Only production Cue I own is a Merry Widow - Dufferin, it has had no problem because I protect it from the het of Arizona.
 
Well the the flip side is the guy who leave his Cue in Cars Trunk, in Hot Dry Arizona. It will Warp.

Should warranty cover peoples goof for not realizing a cue will WARP in 110+, that hot, truck is hotter.

Only production Cue I own is a Merry Widow - Dufferin, it has had no problem because I protect it from the het of Arizona.
Looks like someone swallowed their tongue on that one.

Morally responsible warranty claims are a different thing. But I will 100% agree with you if u can riddle me this... have you ever thrown away a care guide or instruction manual without reading it first?
 
how many ai posts are needed before they have all the info they need?
no shortage of people happily feeding the machine
 
Never registered a warranty of any kind, on any thing, much less a cue. No new cue i ever bought had a warranty that had to 'registered'. All of them, builders i mean, have their own methods for backing a cue. Only covering the original buyer is pretty much assumed. BTW, is the op a total pool newb? Asks a lot of questions that only outright beginners would ask. Just curious.
 
Looks like someone swallowed their tongue on that one.

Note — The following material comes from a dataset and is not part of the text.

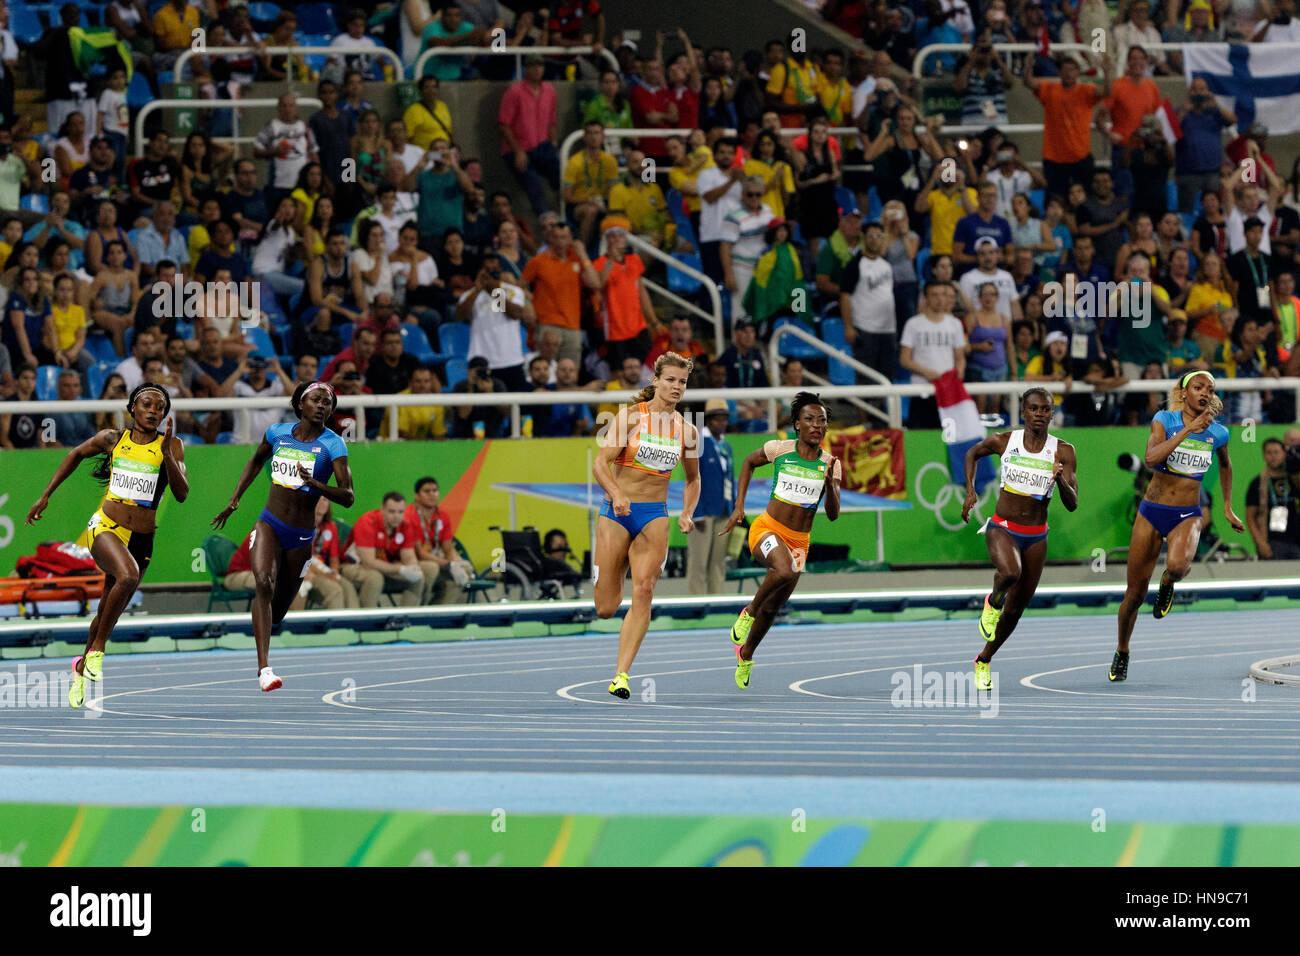 Rio de Janeiro, Brasile. Il 17 agosto 2016. Atletica, Donne 200m finali all'2016 Olimpiadi estive. ©Paul Immagini Stock
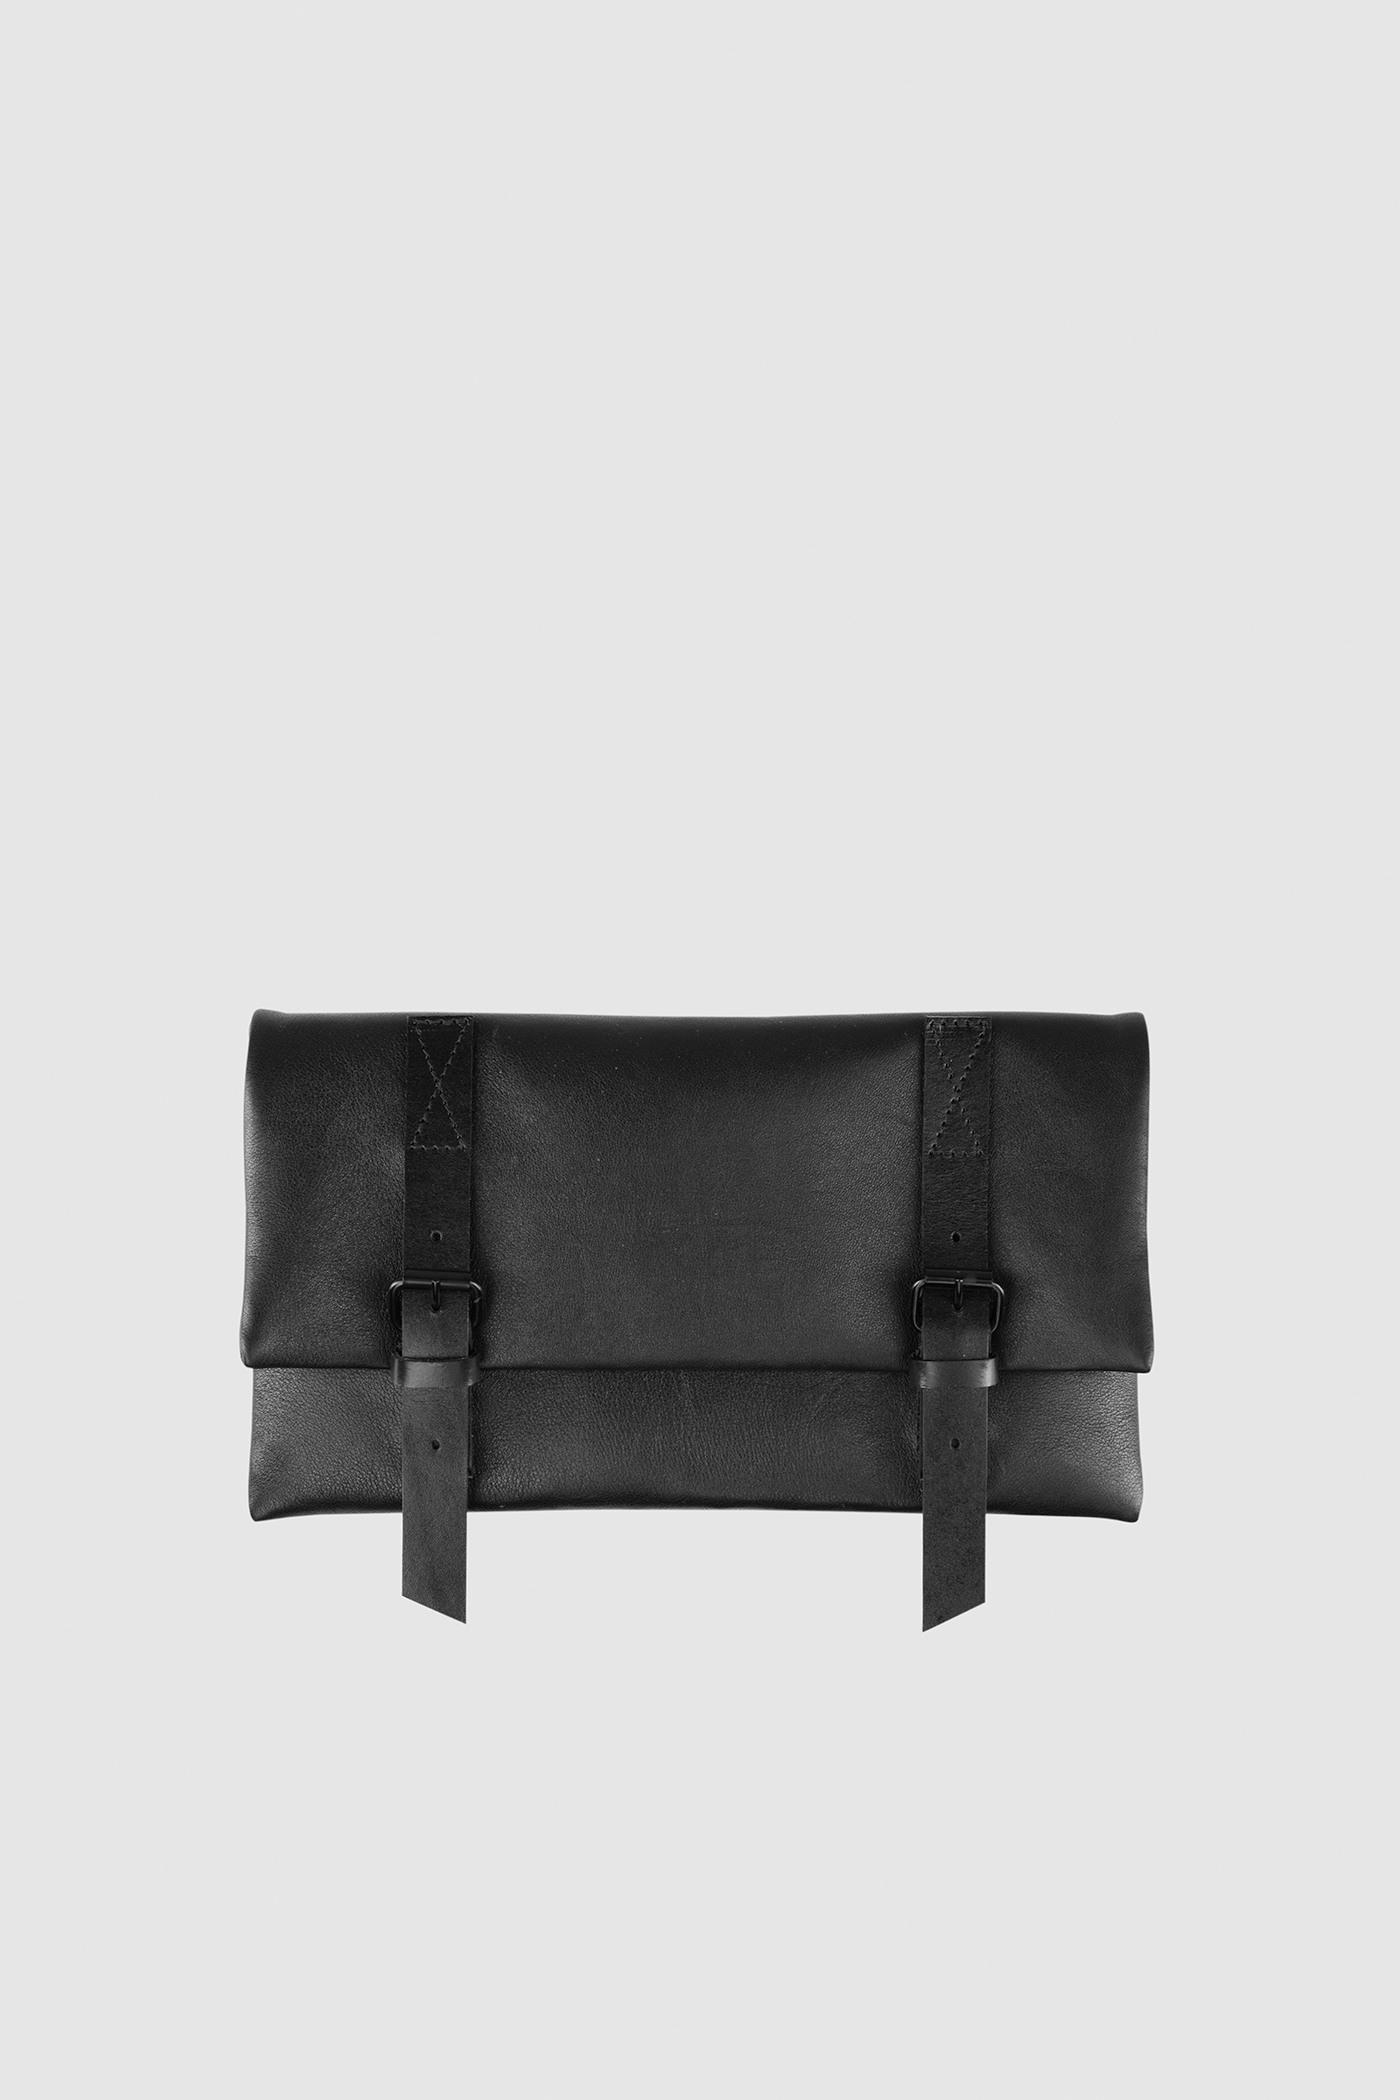 КлатчКлатч из гладкой мягкой кожи с полированной фурнитурой черного цвета застегивается на потайные замки-магниты. Внутреннее отделение на подкладке с разделенным карманом застегивается на молнию. С одной стороны расположен маленький карман, а с другой — карман для пластиковых карт. Тонкий съемный ремешок в виде шнурка. Прилагается чехол для хранения.&#13;<br>&#13;<br>Кожа: КРС.&#13;<br>&#13;<br>Размеры&#13;<br>Высота: 15 см&#13;<br>Длина: 26 см&#13;<br>Глубина: max 4 см&#13;<br>Высота ремешка: 120 см<br><br>Цвет: Черный, Коричневый

Morally responsible warranty claims are a different thing. But I will 100% agree with you if u can riddle me this... have you ever thrown away a care guide or instruction manual without reading it first?

I have heard from McDermott Owners, they are well constructed, and do fix things that are True Warranty problems.

Cant call Cue abuse, builder fault.
 
Never registered a warranty of any kind, on any thing, much less a cue. No new cue i ever bought had a warranty that had to 'registered'. All of them, builders i mean, have their own methods for backing a cue. Only covering the original buyer is pretty much assumed. BTW, is the op a total pool newb? Asks a lot of questions that only outright beginners would ask. Just curious.
Yup.

Buyer beware though.

The last time I swung by Chris Nitti's shop I told him that his cue was defective because it didn't make very many balls.

He said that wasn't covered... 😂
 
Legally you are not required to register for warranty, they may state it's a requirement, but really not. If warranty is for original owner only, you will be required to provide proof of purchase if you haven't registered it. So no, if you are the second owner, you cannot just say you are the original owner.
After more thinking, if your cue is from overseas, this may not hold true.